A. L’élaboration des représentations sociales : un processus cognitif et social

1. Un dispositif cognitif de simplification et de filtrage

D’un point de vue cognitif, le processus d’ « objectivation / ancrage » mis en évidence par Serge Moscovici151 sert désormais de référence dans la plupart des recherches sur l’élaboration des représentations.

Le processus d’objectivation rend concret ce qui est abstrait. Lorsqu’une personne doit affronter un objet social important mais inconnu ou peu familier, elle commence par une opération complexe de redéfinition afin de rendre l’objet plus compréhensible et compatible avec le système symbolique qui lui est propre. Ce processus passe par une nécessaire simplification similaire à un stéréotype ou une rumeur (réduction du nombre de détails, accentuation des détails les plus caractéristiques) et aboutit à un « noyau figuratif », qualifié encore de « noyau central », ces deux termes signifiant que ce noyau détermine l’organisation interne et la signification de la représentation [Abric, 1997]. Autour de ce noyau central se greffent de multiples éléments périphériques plus facilement malléables, tandis que le noyau central se caractérise par une forte stabilité nécessaire au fonctionnement cognitif du sujet.

Le processus d’ancrage incorpore l’étrange dans un réseau de catégories plus familières. Il permet d’enraciner la représentation et son objet dans un réseau de significations qui leur donne une certaine cohérence, puis il l’instrumente ‘« en lui conférant une valeur fonctionnelle pour l’interprétation et la gestion de l’environnement » [Jodelet, 1997, p. 73]’. Chronologiquement, la personne sélectionne les informations, met les différents éléments en relation, les ordonne et les hiérarchise de telle sorte que le tout soit cohérent, devienne réalité concrète et soit directement utilisable et lisible pour l’action, un « guide de lecture » ou encore une « théorie de référence » qui permet de comprendre la réalité. On dit que le savoir se « naturalise » [Jodelet, ibidem].

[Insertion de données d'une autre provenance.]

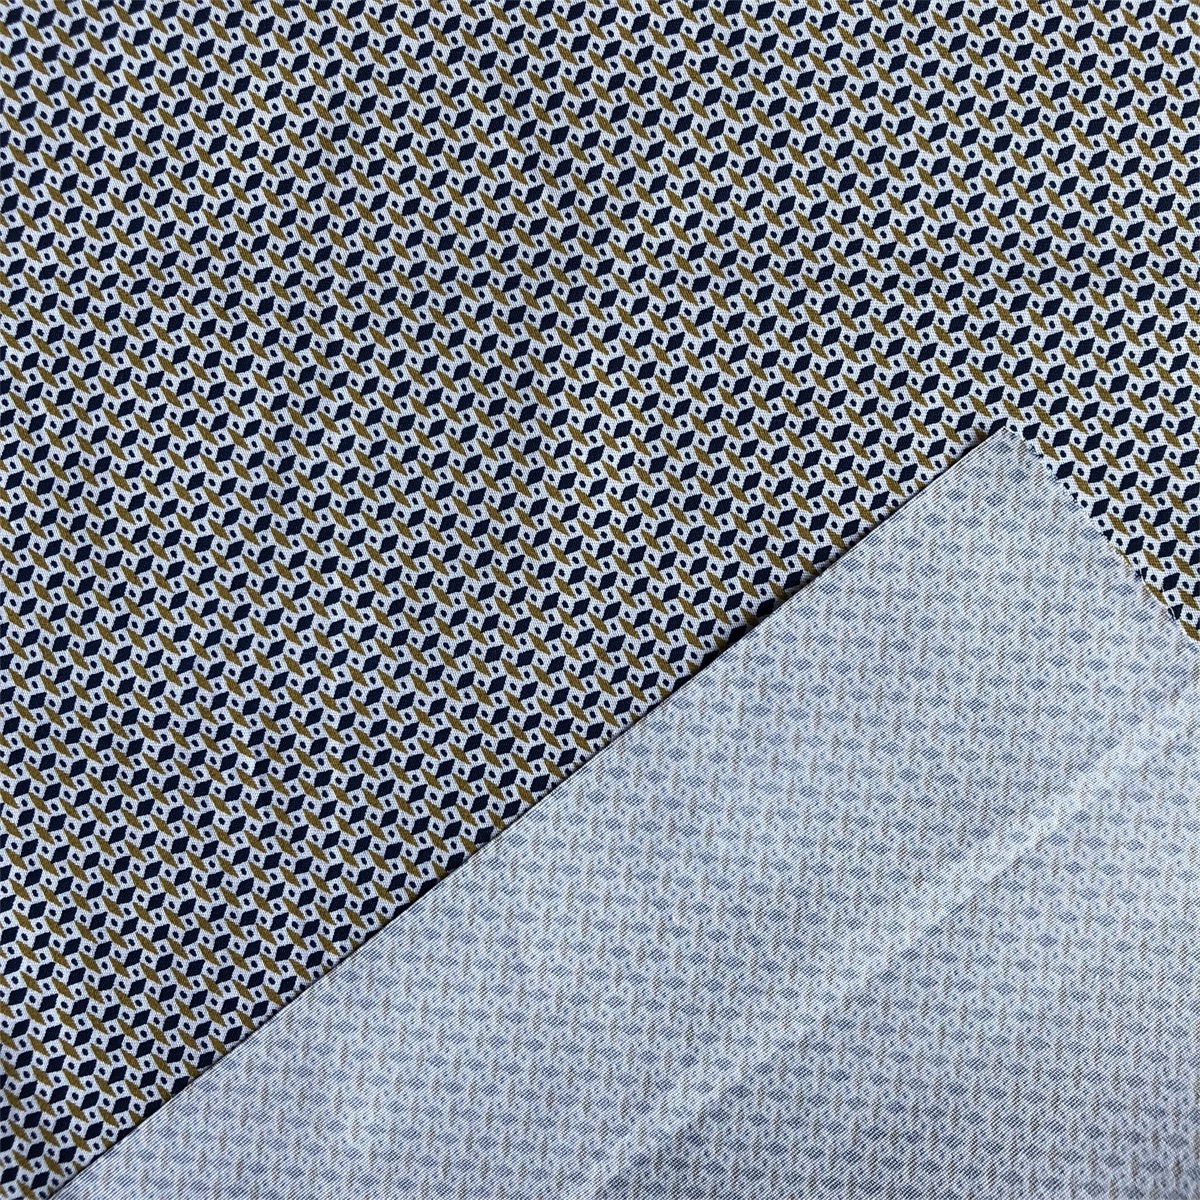 China fashionable pattern Spandex Fabric by compact yarn 98% cotton 2% spandex poplin printed shirts woven stretchy fabric
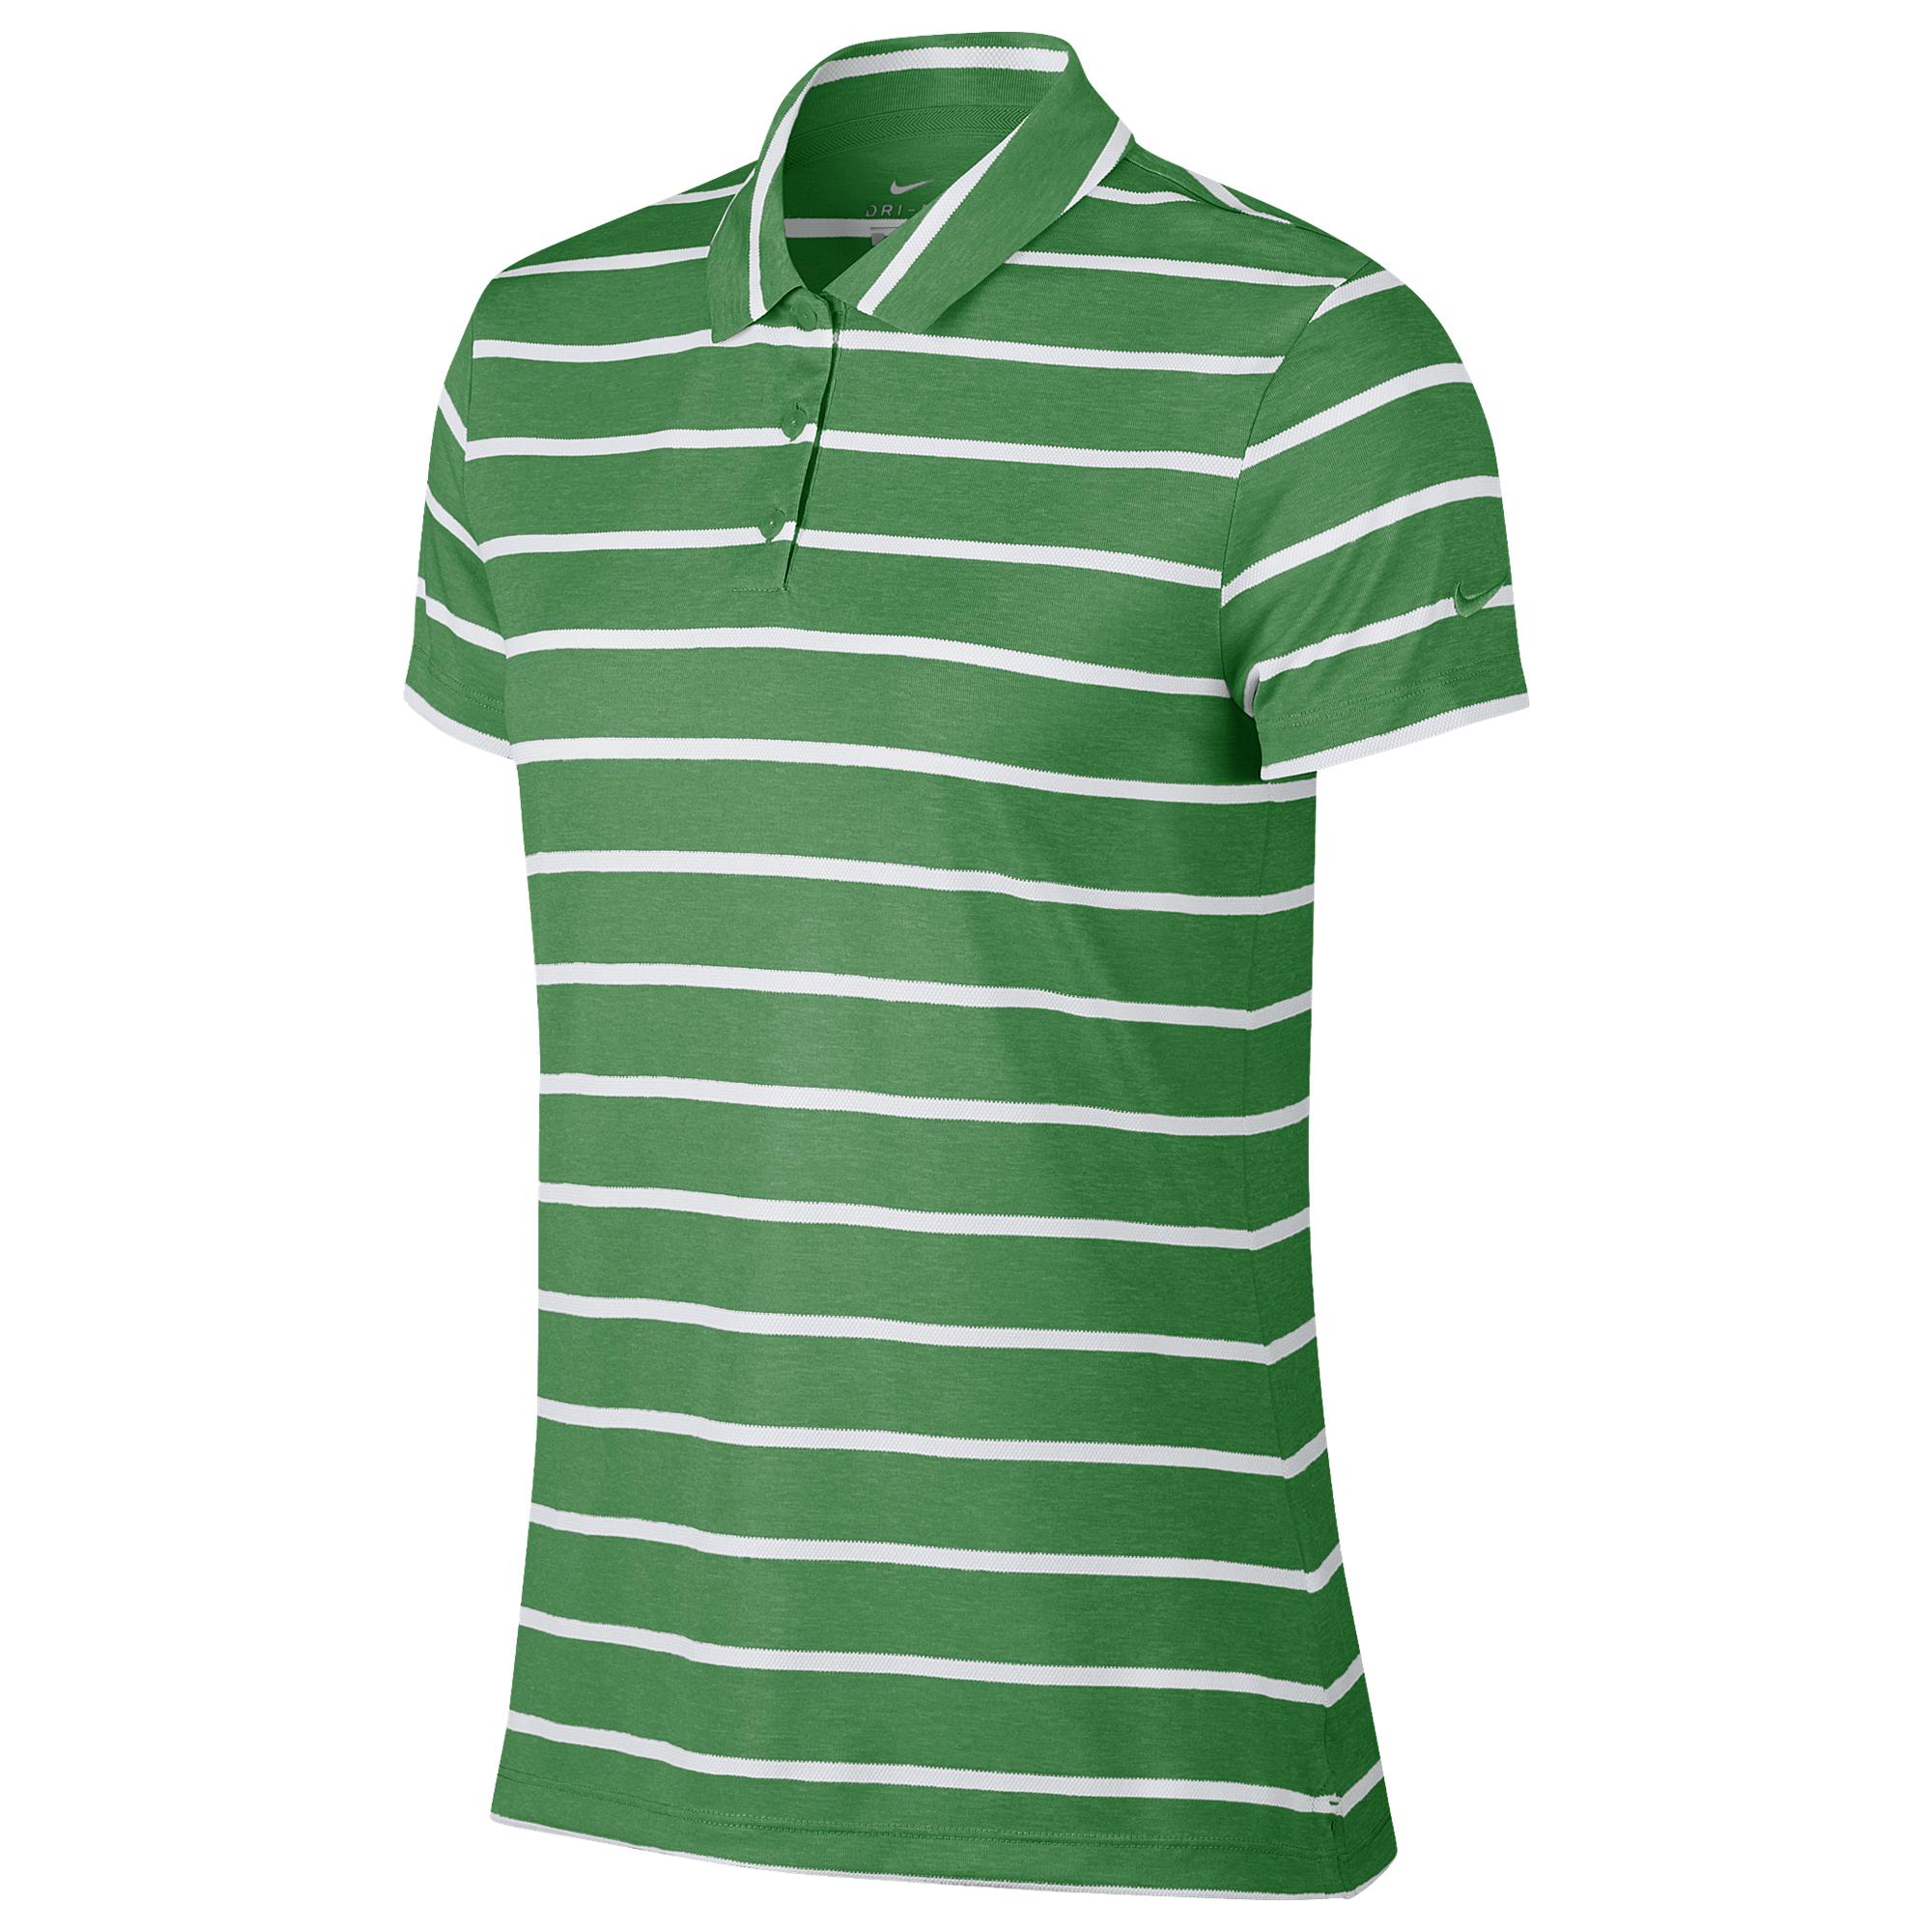 Nike Dri-fit Dry Stripe Golf Polo in Green - Lyst

Les catégories mentales et le niveau d’information préexistant sont donc essentiels :

‘« Par un travail de mémoire, la pensée constituante s’appuie sur la pensée constituée pour ranger la nouveauté dans des cadres anciens, dans le déjà connu » [Jodelet, ibidem].’

Étudier les représentations d’un groupe sur un certain objet exige au préalable de savoir ce que les personnes en savent dans la mesure où

‘« l’information n’est pas ignorée mais filtrée. Nous sommes amenés, de par nos représentations, à classifier les faits différemment, et les faits qui ne correspondent pas aux représentations sont considérés comme moins réels que ceux qui y correspondent ».152

L’utilisation ou la non utilisation d’informations est largement déterminée par la compréhension qu’on peut avoir à leur sujet. La représentation sociale n’est pas une image reflet de la réalité, de ses fonctions sociales effectives, mais une construction sociale visant à la légitimer [Jodelet,1997, p. 68]. On voit déjà apparaître un premier facteur d’inertie des représentations : les informations nouvelles sont sélectionnées en fonction de catégories mentales préexistantes qui s’en trouvent donc d’autant renforcées.

D’où viennent ces catégories mentales préexistantes ? Mémoire et idéologie du groupe d’appartenance jouent le rôle de matrices culturelles d’interprétations ; toutefois, les représentations qui en résultent ne sont activées et ne prennent sens qu’en fonction de la pratique et du vécu personnel.

Notes
151.

Il met en évidence ce processus lorsqu’il analyse la transformation d’un savoir scientifique (la psychanalyse) en savoir commun. Serge Moscovici, 1976, La psychanalyse, son image et son public, Paris : PUF [1ère édition 1961], cité par D. Jodelet [1997].

152.

Serge Moscovici et Miles Hewstone (1983), « Social Representations and social Explanation : from the ‘Naive’ to the ‘Amateur’ Scientist », in : Hewstone (ed), Attribution Theory. Social and Functional Extensions, Oxford : Blackwell Press, p. 119, cité par M. Hewstone [1997, p. 286].